From: *Jason Resch* <[email protected] <mailto:[email protected]>>
On Mon, Jul 30, 2018 at 8:33 PM Bruce Kellett <[email protected] <mailto:[email protected]>> wrote:

    From: *Jason Resch* <[email protected]
    <mailto:[email protected]>>

    You can use "itself" only if this "it" can be in multiple
    locations and heading in different directions.

    That is a property of waves. But you will only ever observe a
    single photon from this wave.....


Waves/Photons, doesn't matter what you call them.

Within the quantum computer this wave/photon is simultaneously in many different locations/doing many different things, performing computations and doing useful work using all of its separate superposed instances of itself.  Once it's done doing all this work it settles down on a final value which we can read.  And it will be correct, and may have finished an enormous computation in a short period of time, if and only if, it did in fact split up and do all these independent things simultaneously.

Or you can view the action of a quantum computer as a simple interference effect. Incorrect solutions to the algorithm destructively interfere.

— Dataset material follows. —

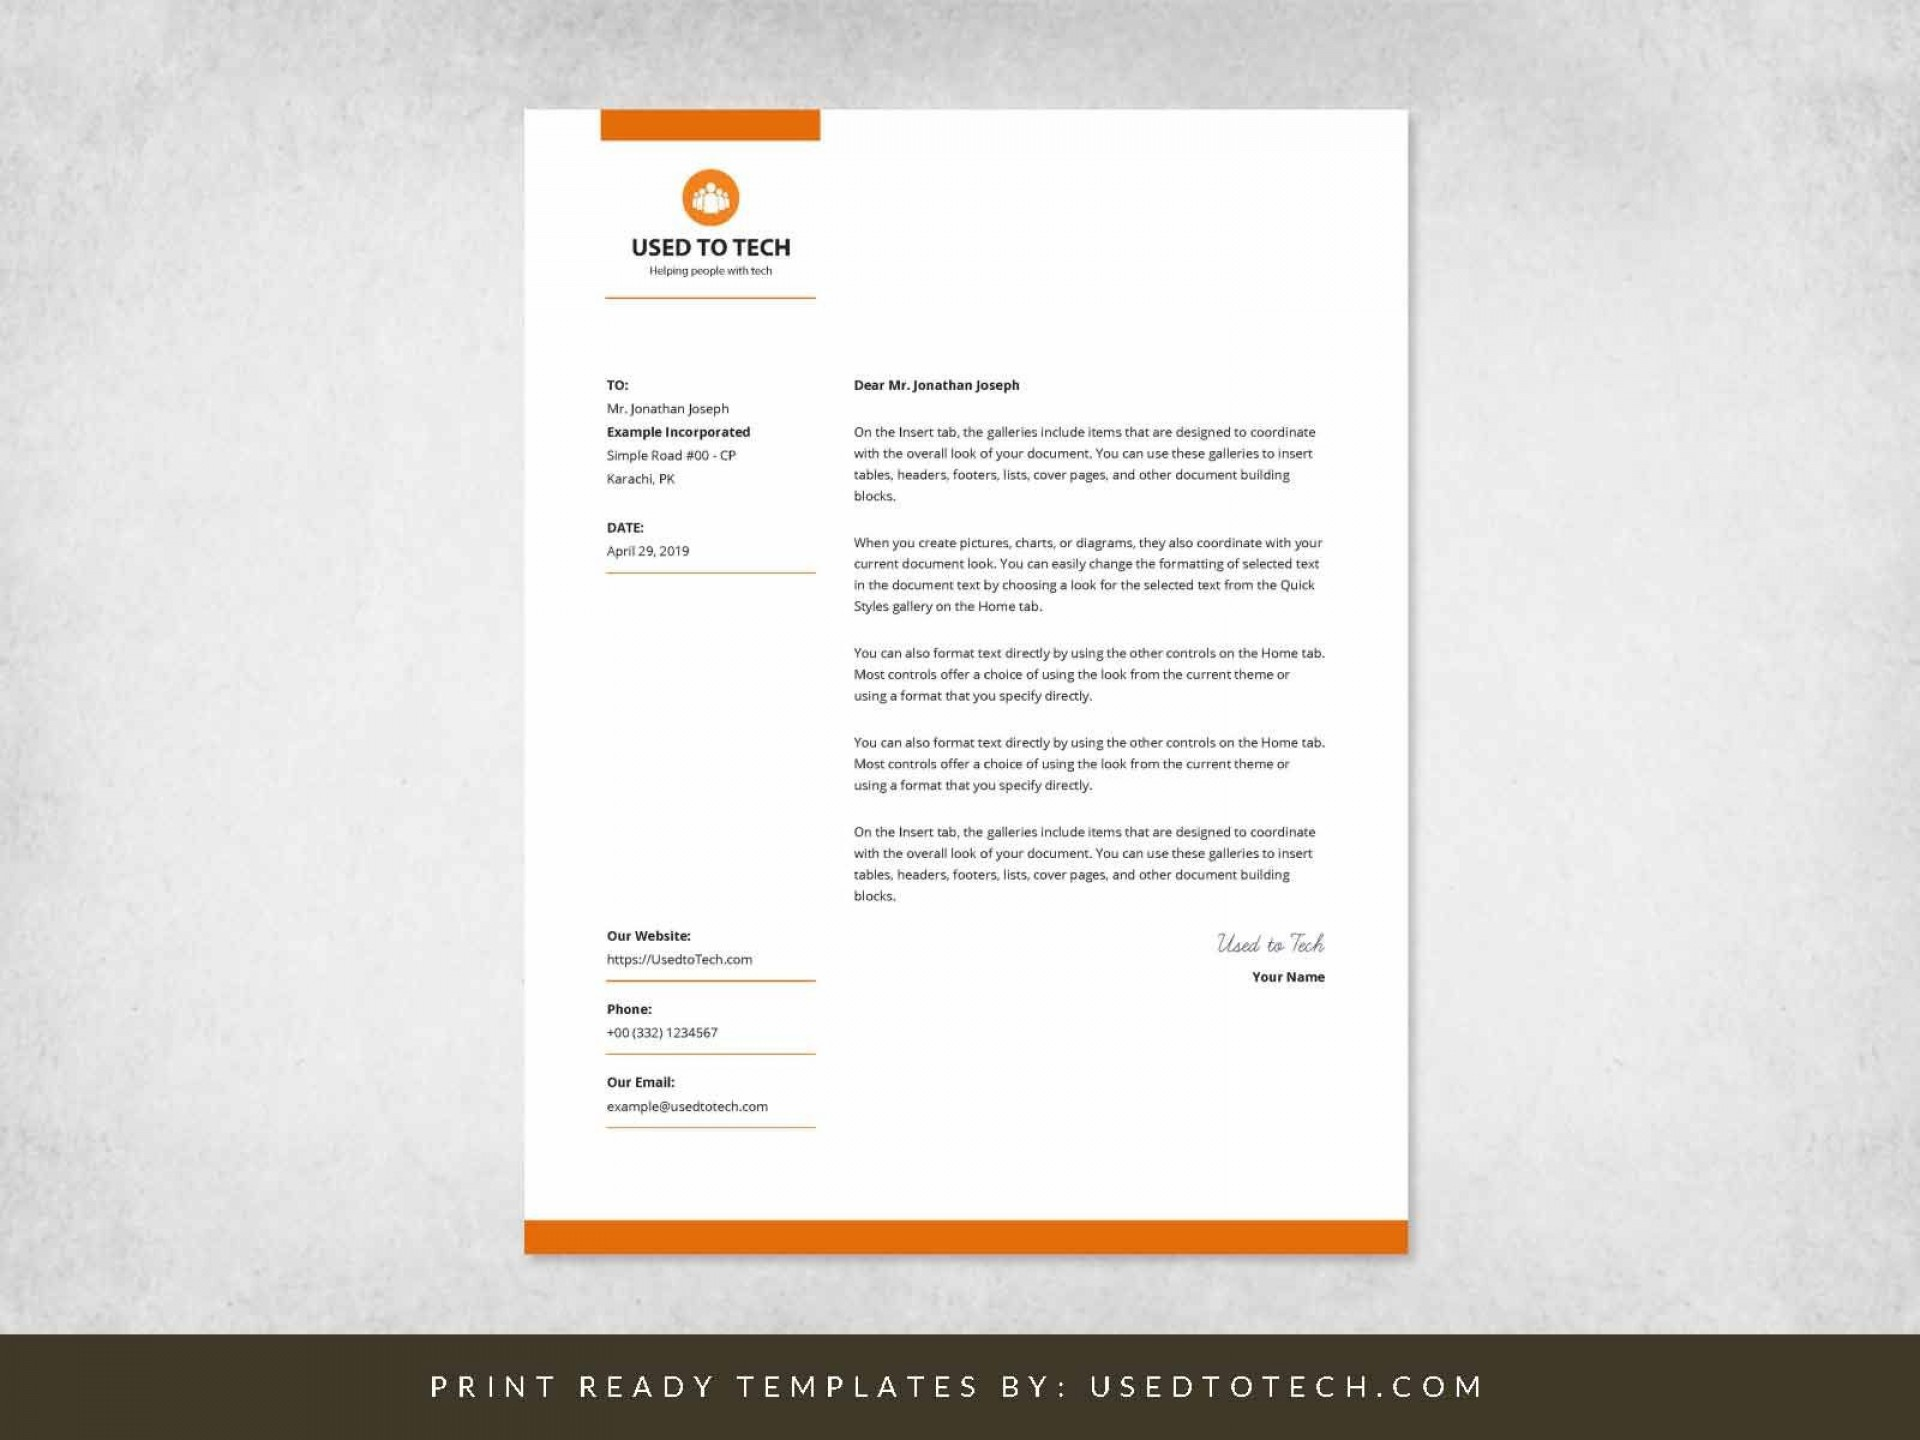 000 Impressive Letterhead Sample Free Download Image  Construction Company Template1920

You don't have to introduce ideas such as 'being in different locations and doing different things.' It is just simple interference in a wave. (And it is all in one world, because interference can only occur within the one world.)



    On that we agree.  But where did those other photons come from?
    How did they get to be in different positions going in different
    directions?

    They aren't.


How do do you explain the experiment with beam splitters and recombining light at a half silvered mirror to interfere and only be reflected one way?

Photons have both wave-like and particle-like properties. That is quantum physics.

So do you accept or reject that this "wave" can be in different places simultaneously?

A wave is not a localized object, so the same wave can extend to different locations.